I think after the first three or four years, it's pretty cast in concrete whether you're a good programmer or not. After a few more years, you may know more about managing large projects and personalities, but after three or four years, it's clear what you're going to be.

I care deeply about my career path and want to progress towards a role in ML engineering or research, so I want to know whether my goals outstrip my abilities or not and whether I can every become a truly decent programmer.

Some Background

I first started coding in college eight years ago and my self-assessed skill level has progressed from abysmal to merely mediocre. I don't know whether this is just because of my recurrent mental health issues or if it reflects something more fundamental about my ability to problem solve. I graduated in four years with a degree in CS and was immediately employed at a tech startup where I became depressed and as result resigned after little over a year. Then I bounced around for a bit before starting a master's program in data-science, which is where I am now.

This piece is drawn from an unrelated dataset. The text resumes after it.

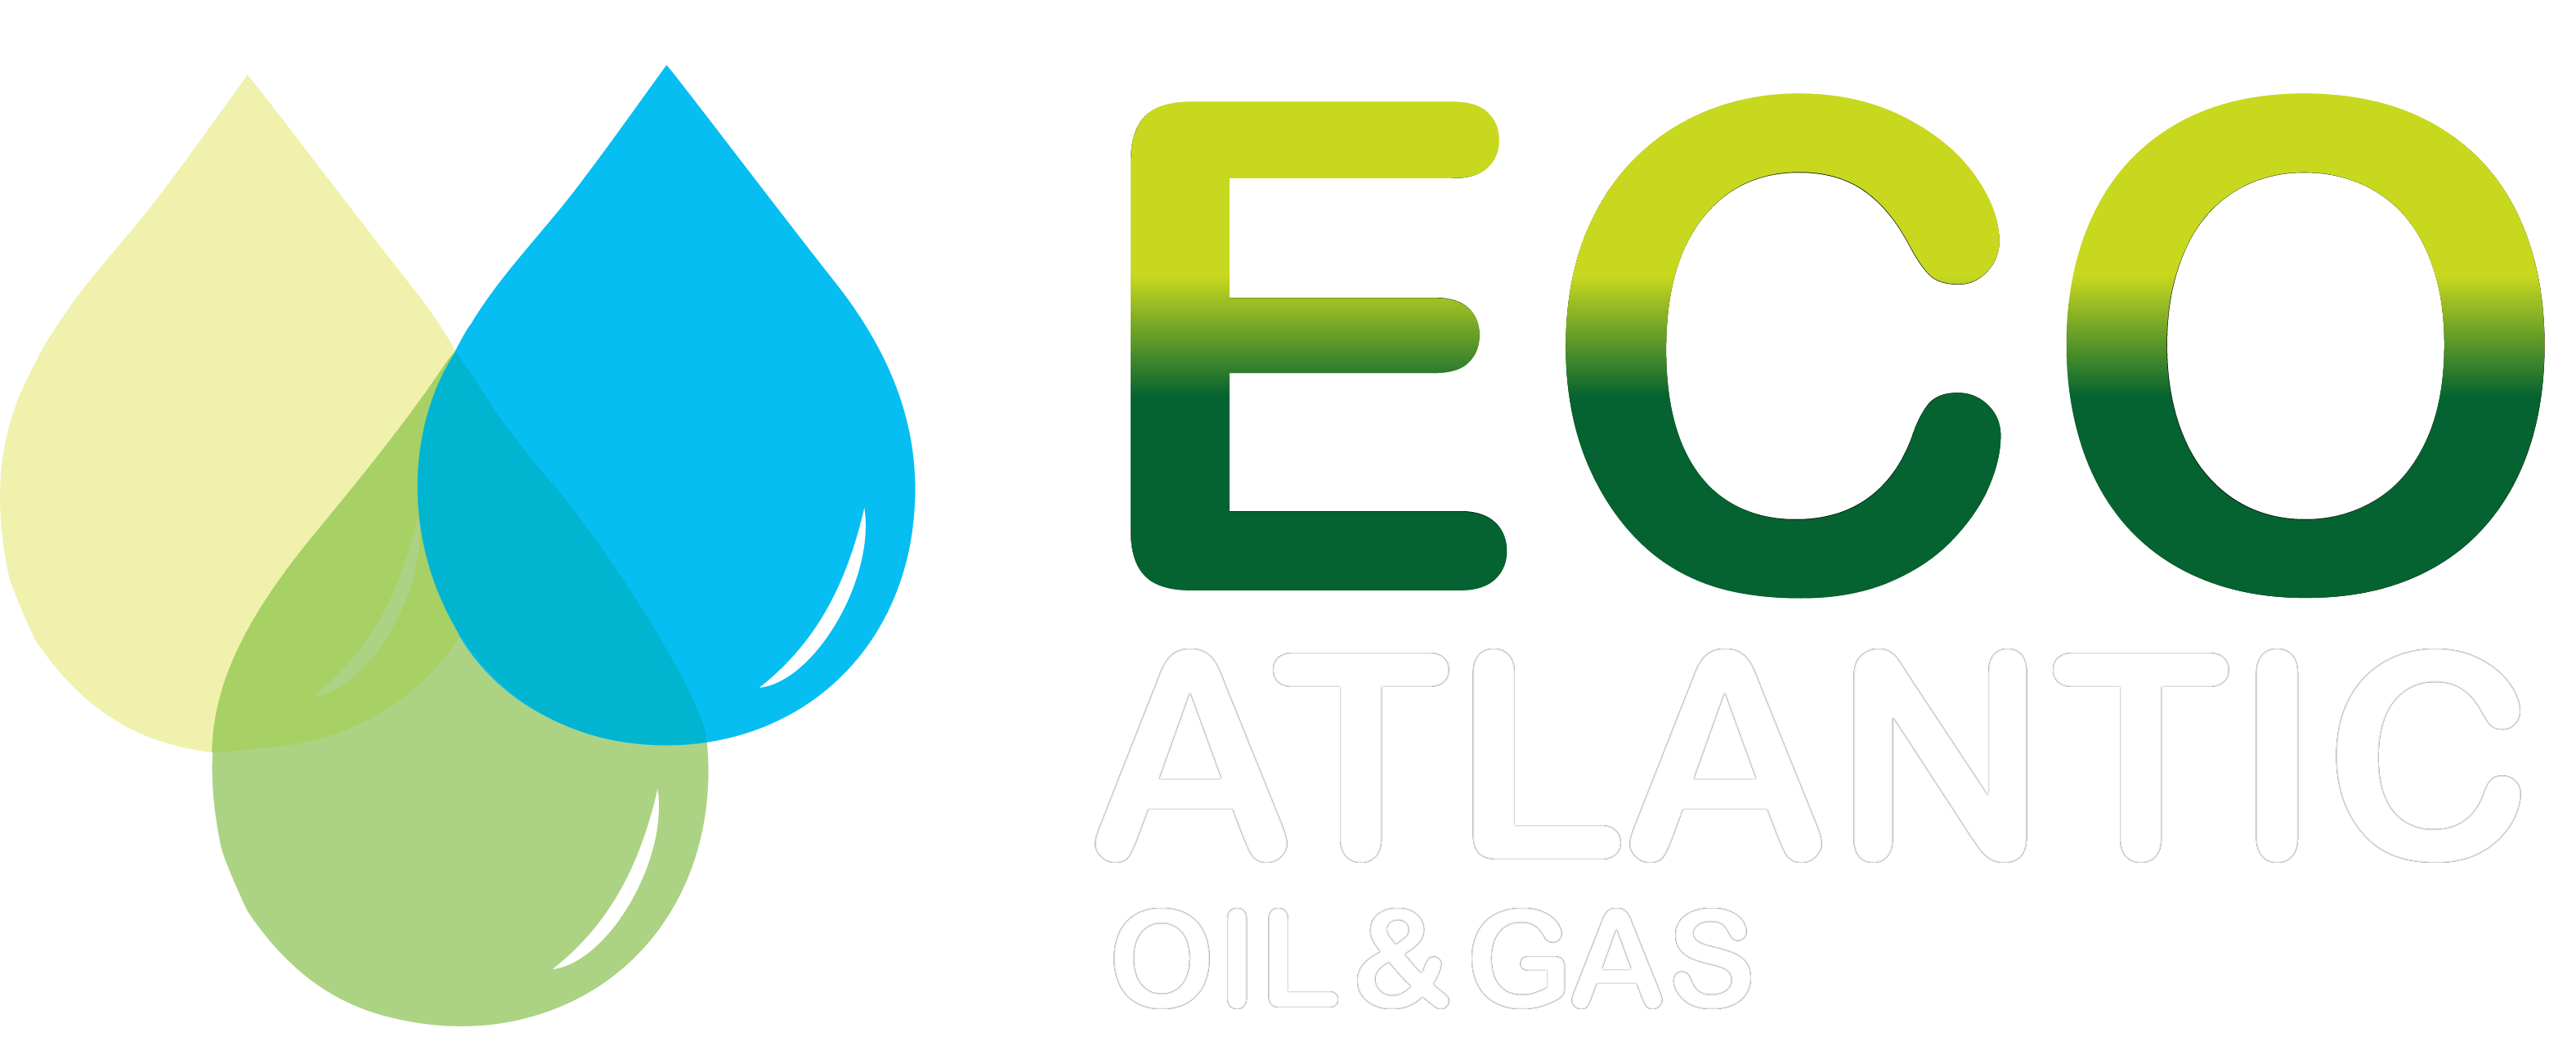 Atlantic Logo - Homepage - Eco (Atlantic) Oil & Gas Plc
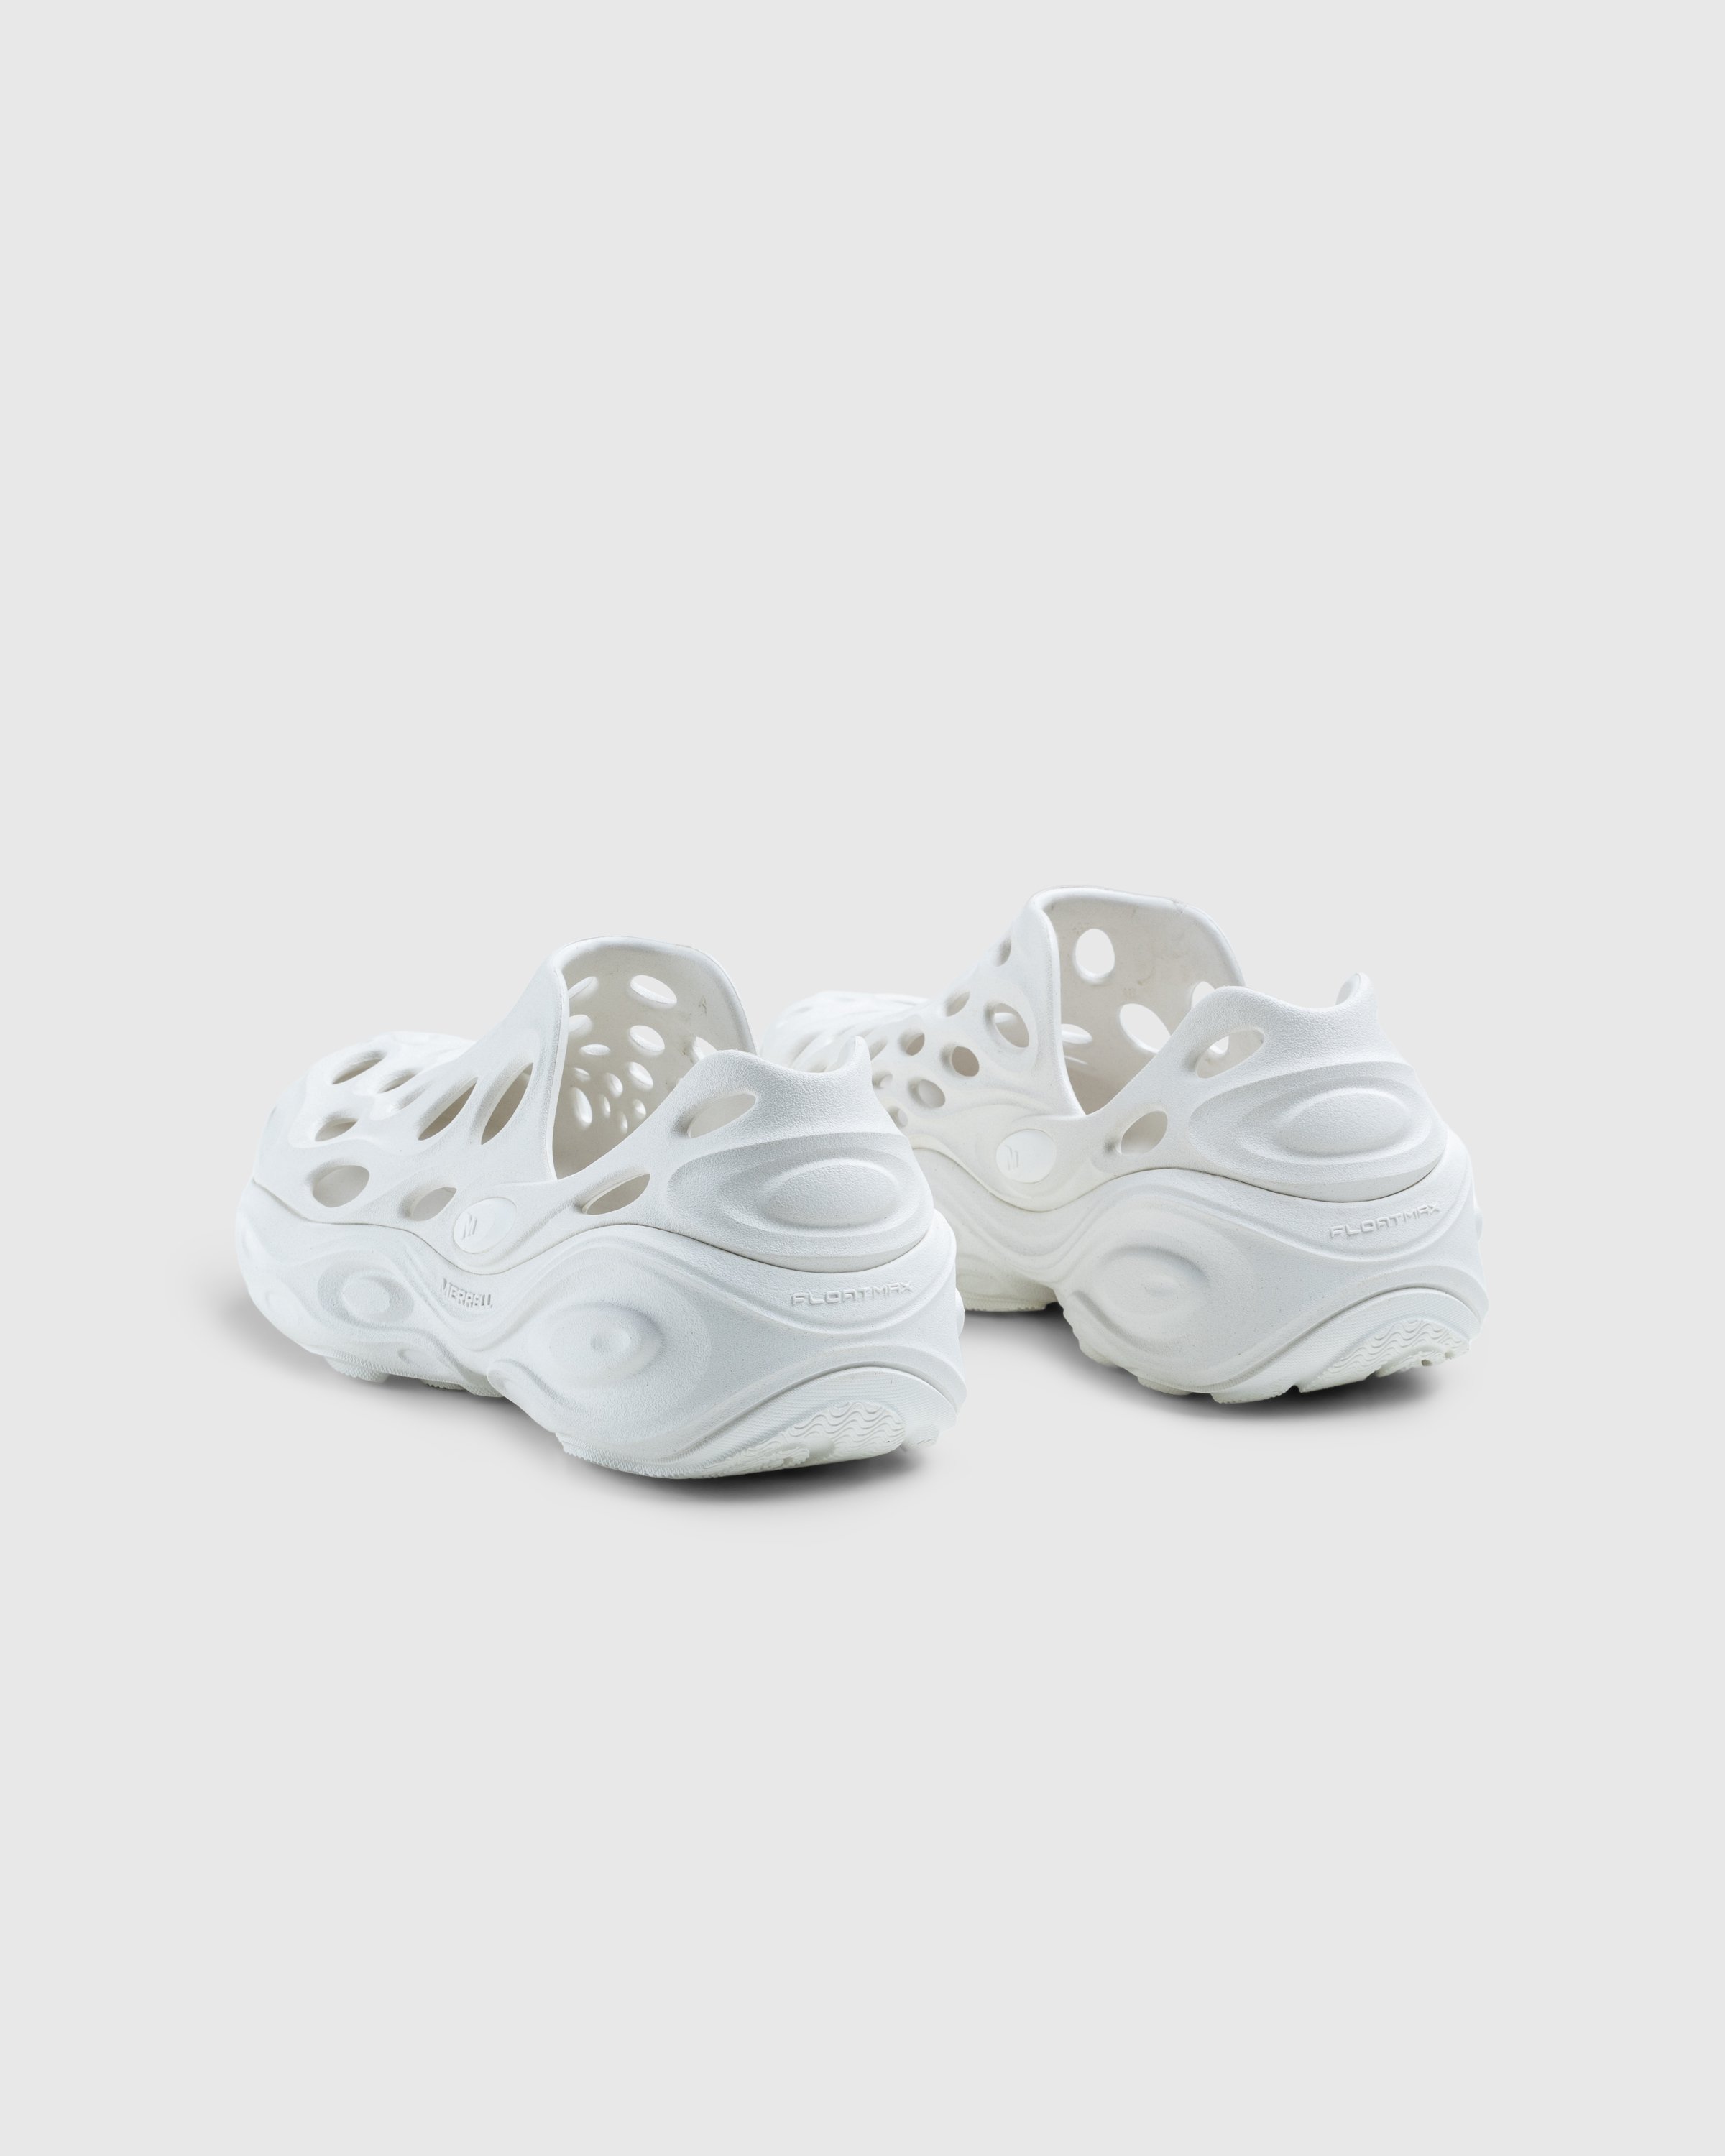 Merrell - HYDRO NEXT GEN MOC SE/TRIPLE WHITE - Footwear - White - Image 4

I was told by my advisor I was one of the best students in my cohort, but it doesn't mean much to me, as I doubt most of my fellow students could write FizzBuzz.

Issues I Struggle With

While I have always had a good ability to understand abstract concepts like calculus, data structures, and algorithms, I deeply struggle with remembering command syntax and other important details of software implementation and have to spend most of my time reading documentation to refresh my memory. For example, I don't find it too hard to code up basic problems in project Euler but will become mired for hours or even days trying to properly configure my package manager because I can't remember the documentation after I have read it.

I am also easily derailed by any task that requires context-switching, as by the time I have looked up the solution to a problem online, I have forgotten what I was doing in the code and have to reorient myself with what I was working on before.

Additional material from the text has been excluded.